Теперь многие мелочи исчезли из памяти, но главное осталось. В одно из воскресений мы работали неполный день и втроем пошли в город. Все бы кончилось ничем, но у Бекаса и Морячка оказалась восьмисотграммовая бутылка спирта и талоны в столовую одного завода. Я сначала отказался идти с ними, а потом согласился, потому что вспомнил, что тетя в эту ночь дежурила в больнице. Сдерживало некоторое опасение — чем все это кончится, но вместе с тем хотелось чего-то необычного. «Будь что будет», — решил я.

В столовую мы пришли к ужину, то есть как раз в пору. Идя из Степановки в город, я все пытался угадать, откуда у ребят спирт. И, кажется, догадался. Они жили «в расположении», на углу Черепичной и Кирова, на втором этаже, а в нижнем этаже помещалась аптека. Вот в этом, наверно, и крылась разгадка.

Мы уселись в уголке. Нам принесли бигус — так называли нечто вроде горячего винегрета — и компот. Хлеба, конечно, не было. Его следовало приносить с собой.

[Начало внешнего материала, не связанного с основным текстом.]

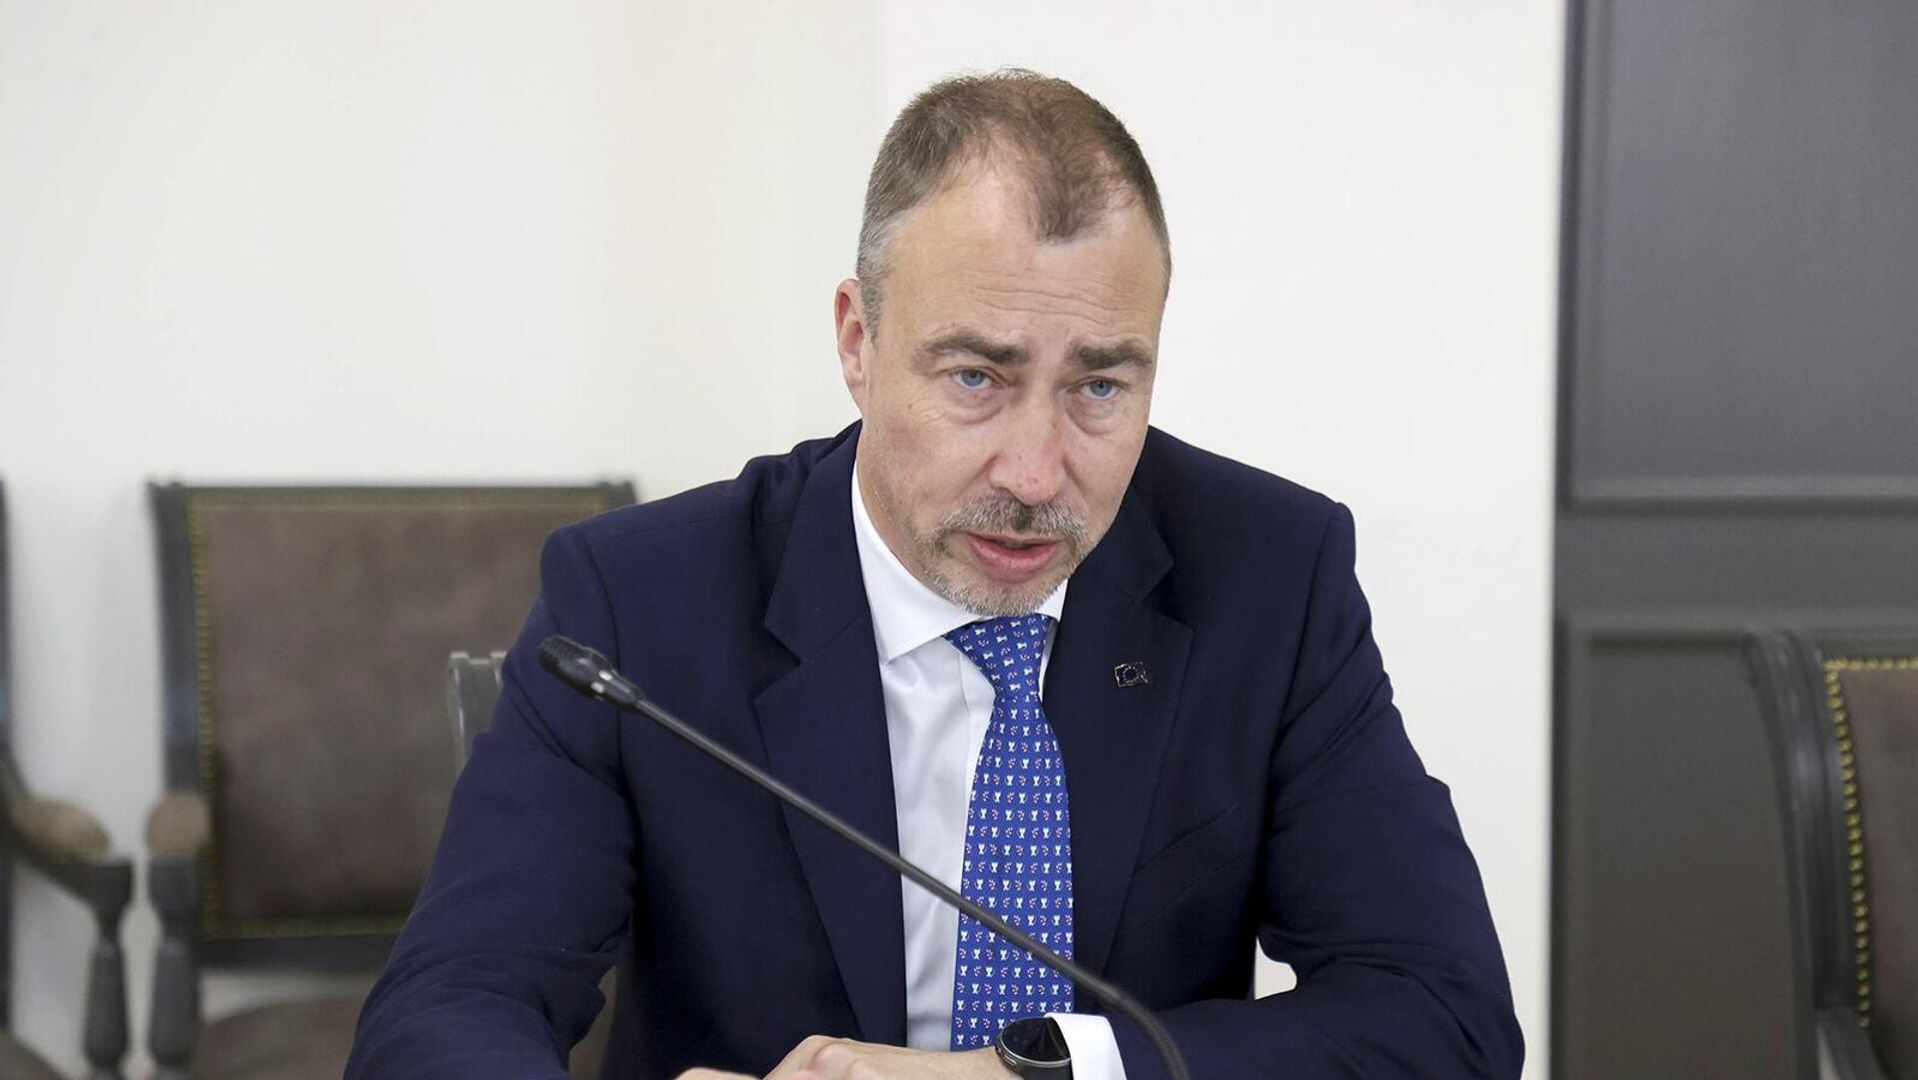 Toivo Klaar: European Mission in Armenia has not observed any unusual movement

По правде сказать, мне здесь совсем не понравилось, очень много народа и неумолчный шум. Все громко разговаривали, звенела алюминиевая посуда, где-то рядом работали машины, и от этого посуда на столе дребезжала и двигалась. Слышались близкие удары механического молота и какие-то заунывные скоблящие звуки, как будто пилили железные листы.

— Что это? — спросил я.

— Ерунда, — небрежно ответил Бекас. — За стенкой кузнечный цех.

Оказывается, я совсем уже отвык от шума и множества людей.

Бекас сходил куда-то и принес графин с водой, потому что и Морячок, и я отказались пить неразведенный. Начали с компота, чтобы освободить стаканы… Уже налили понемногу, когда к нам подсели две девчонки. Собственно, какие девчонки? На девчонку похожа была улыбчивая, с родинкой возле глаза. Другая — женщина лет под тридцать, хмурая и неразговорчивая. Она о чем-то задумывалась, отвечала невпопад. Зато молоденькая тараторила без умолку, сбегала еще за двумя стаканами и предложила «познакомиться по-настоящему, а то так не поймешь: знакомы или нет». Оказалось, что обеих зовут Зоями.

— Зоя Большая и Зоя Маленькая, — расхохоталась молоденькая. Только Зою Большую было неудобно так называть, и само собой получилось, что в лицо ее стали величать Зоей Николаевной.

Выпили по полстакана разведенного и заели бигусом. От усталости и оттого, что бигус был никуда не годной закуской, я почувствовал, что пьянею.

Зоя Маленькая предложила:

— А чего здесь торчать… Шум такой — поговорить нельзя. Айдате к нам. Картошки наварим.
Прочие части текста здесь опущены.